--- PROBLEM TO WORK ON ---
The material below holds pictures; leave them out and reproduce exactly the lines from the one with "Hombres de Hadza" through the one with "Stadtwerke Buchen GmbH", inclusive.

--- INPUT DATA ---

■ ■ ■ ■

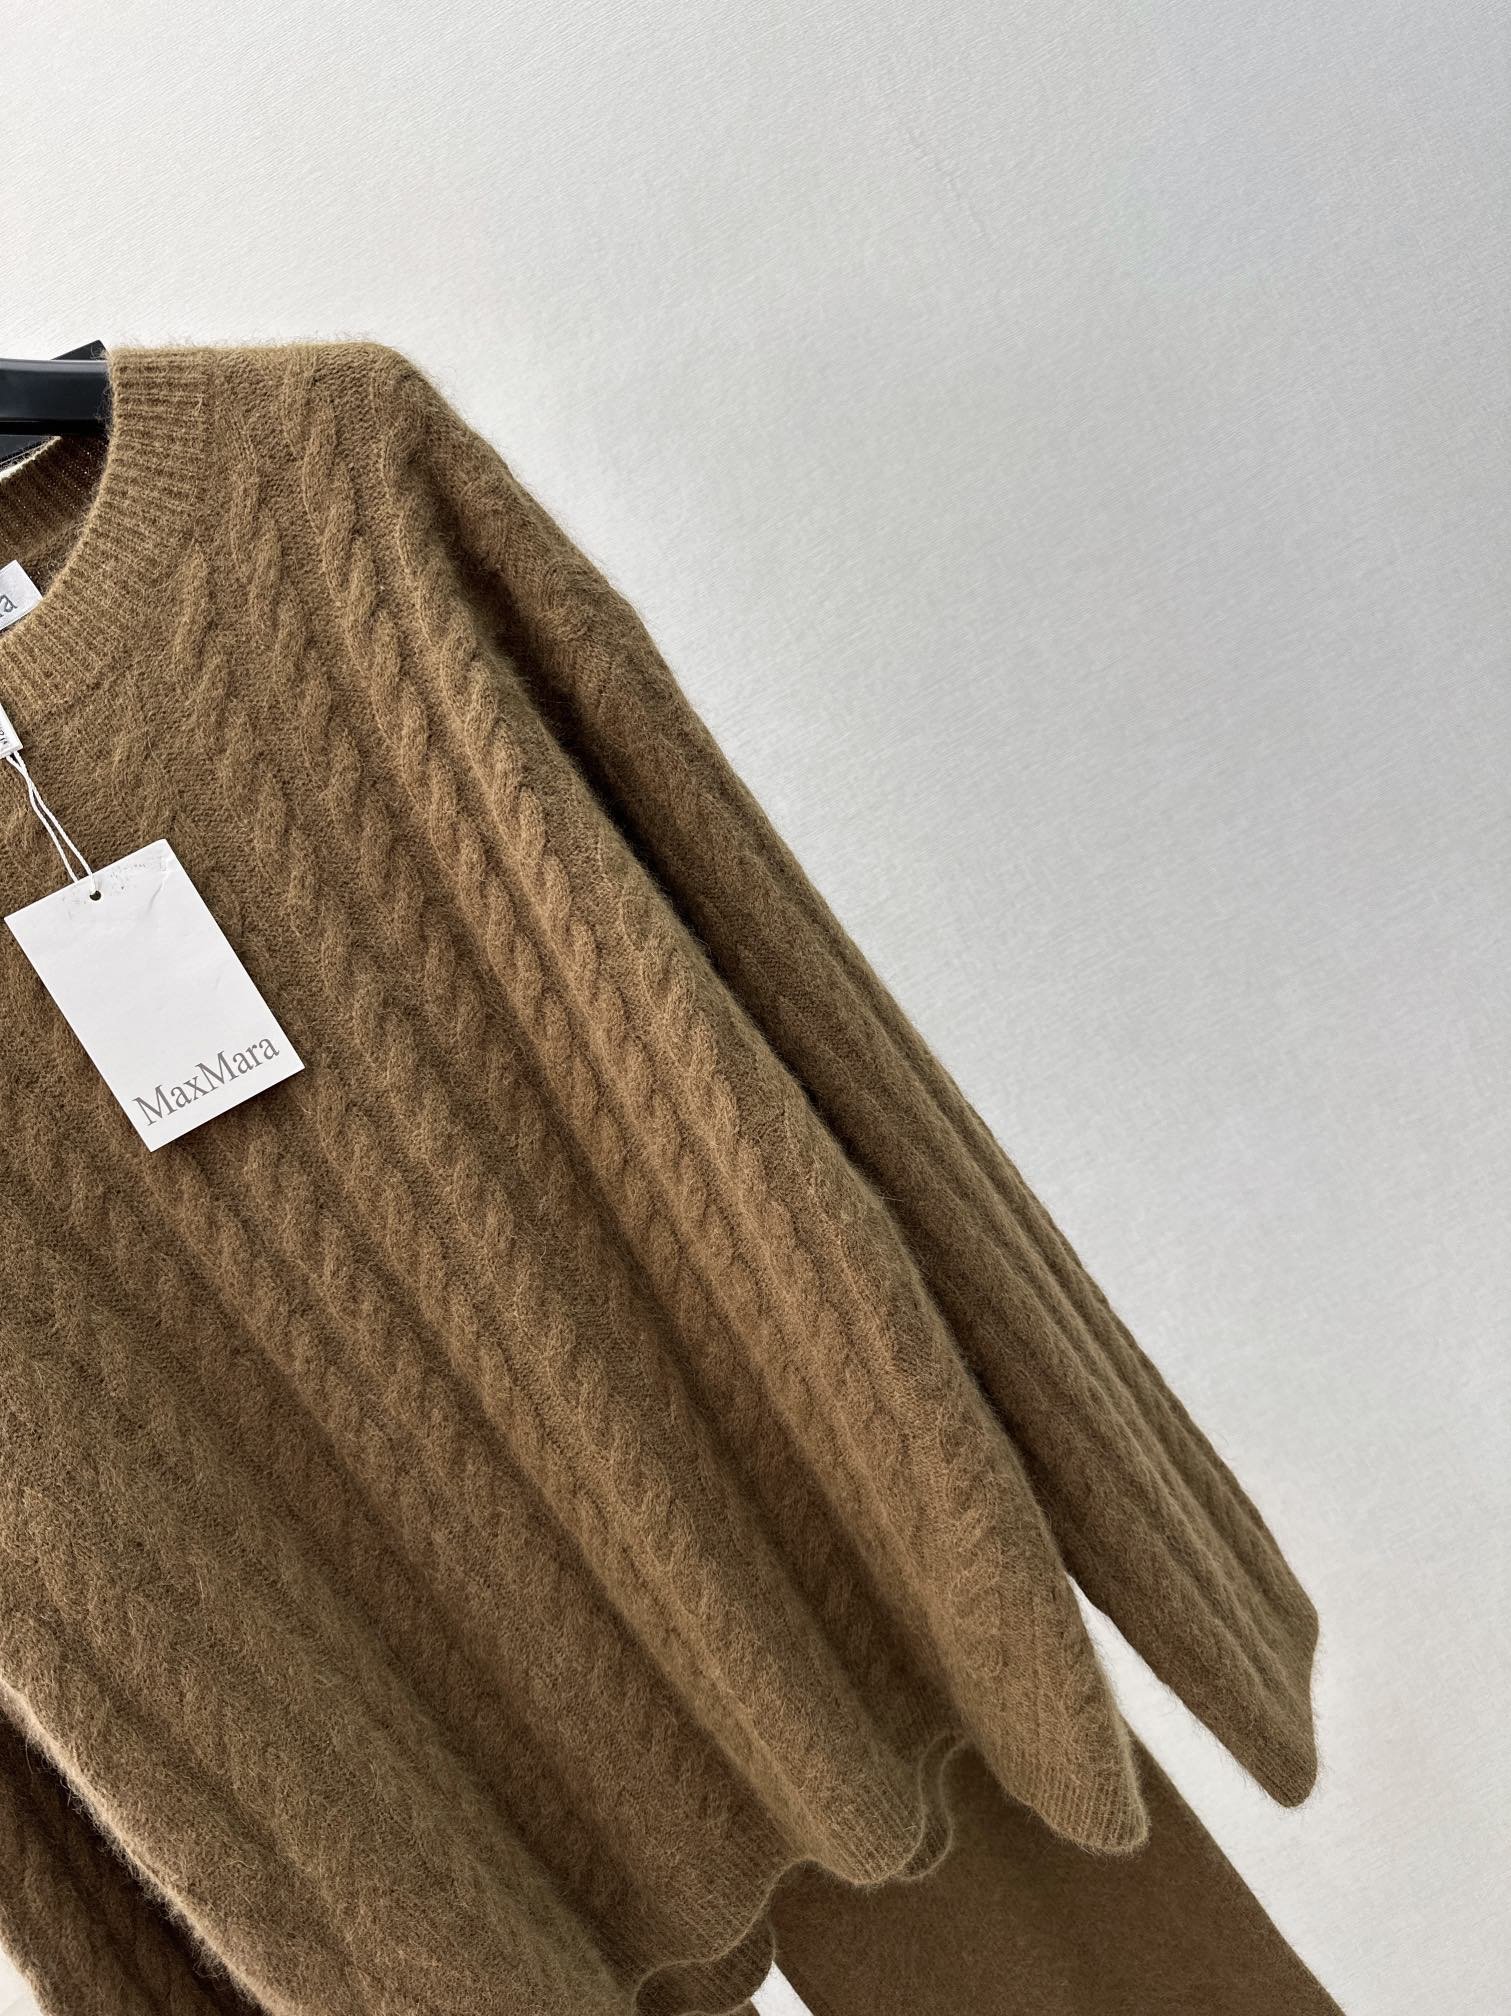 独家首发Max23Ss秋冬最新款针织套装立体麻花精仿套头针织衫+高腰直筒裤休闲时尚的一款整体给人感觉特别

■ ■ ■ ■

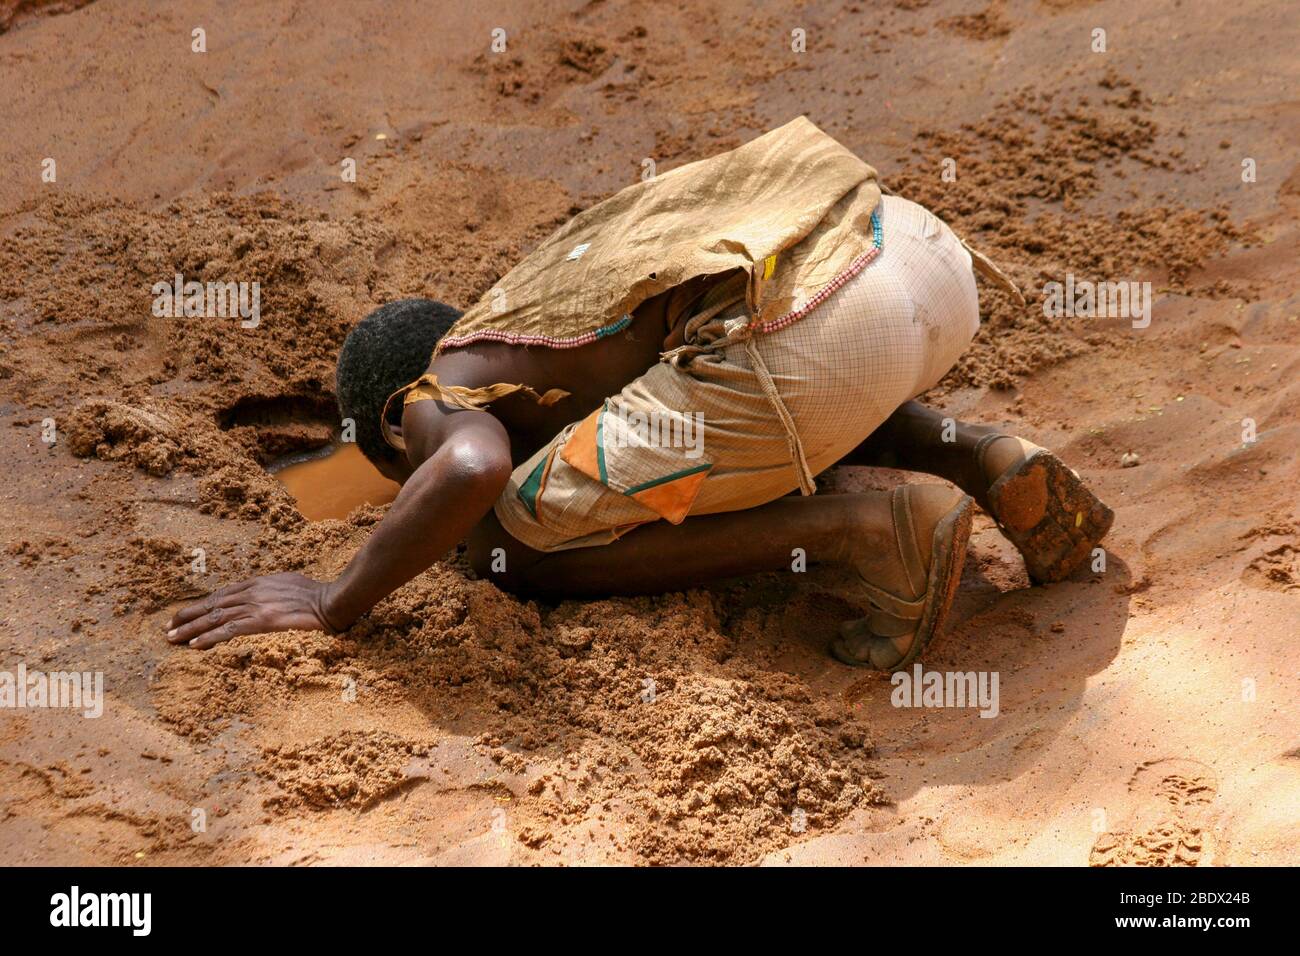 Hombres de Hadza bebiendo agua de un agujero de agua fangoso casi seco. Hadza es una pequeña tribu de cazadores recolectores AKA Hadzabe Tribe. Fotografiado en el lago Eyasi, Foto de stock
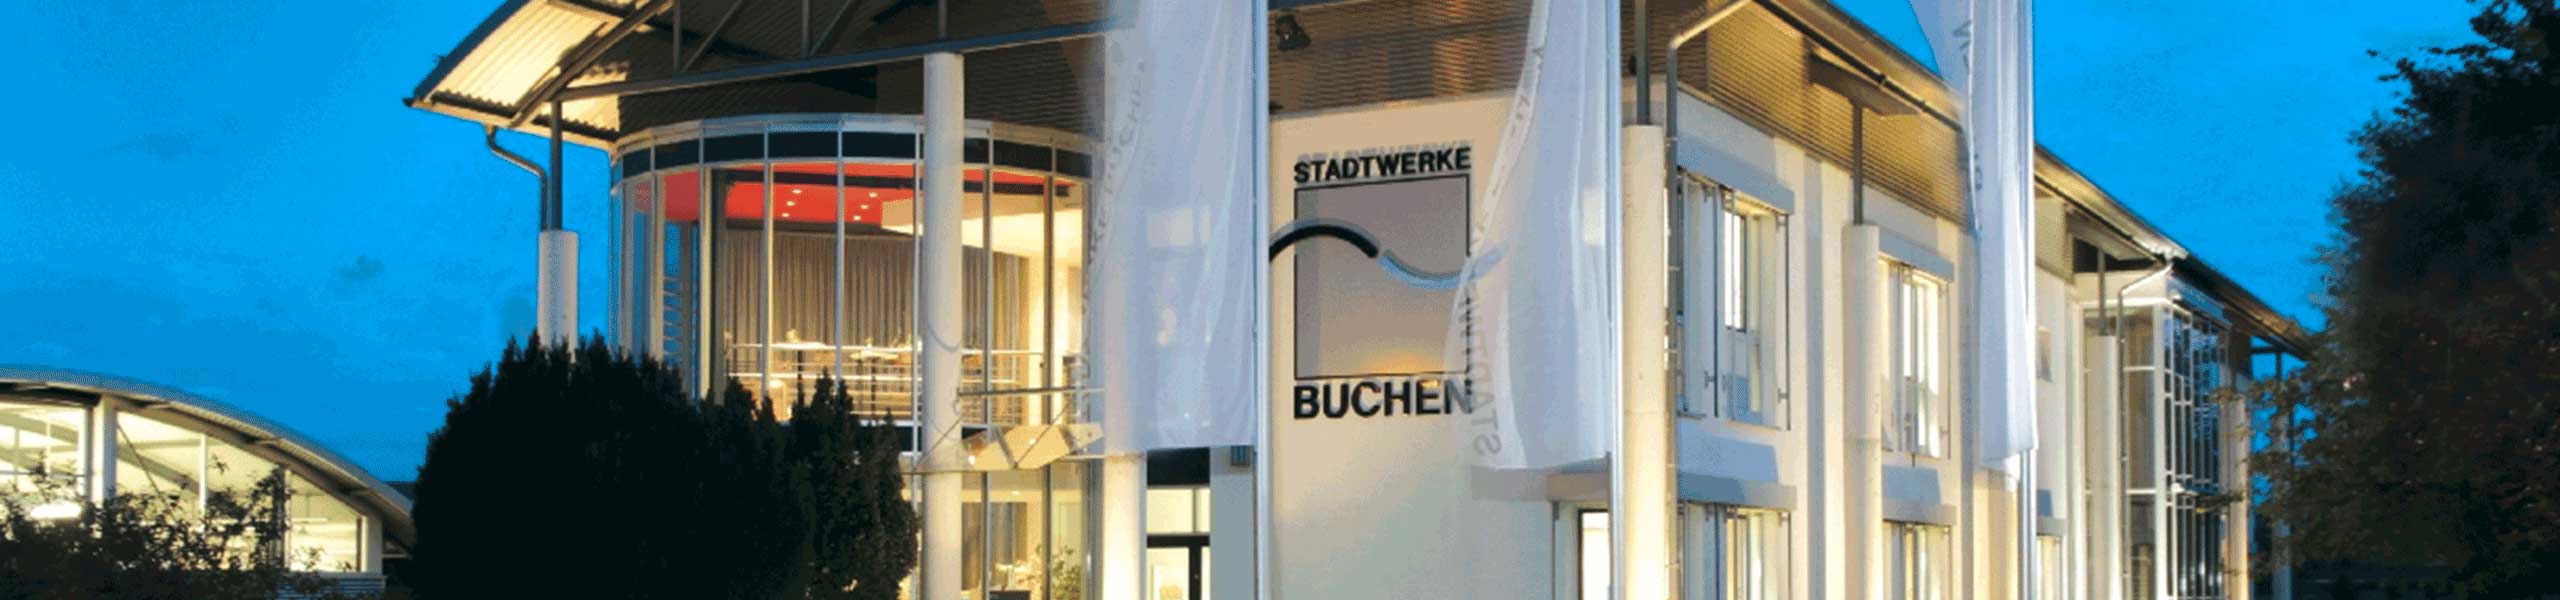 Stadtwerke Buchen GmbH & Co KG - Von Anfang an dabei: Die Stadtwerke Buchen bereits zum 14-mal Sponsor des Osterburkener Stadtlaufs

■ ■ ■ ■

--- SOLUTION TO THE PROBLEM ---
 Hombres de Hadza bebiendo agua de un agujero de agua fangoso casi seco. Hadza es una pequeña tribu de cazadores recolectores AKA Hadzabe Tribe. Fotografiado en el lago Eyasi, Foto de stock
 Stadtwerke Buchen GmbH & Co KG - Von Anfang an dabei: Die Stadtwerke Buchen bereits zum 14-mal Sponsor des Osterburkener Stadtlaufs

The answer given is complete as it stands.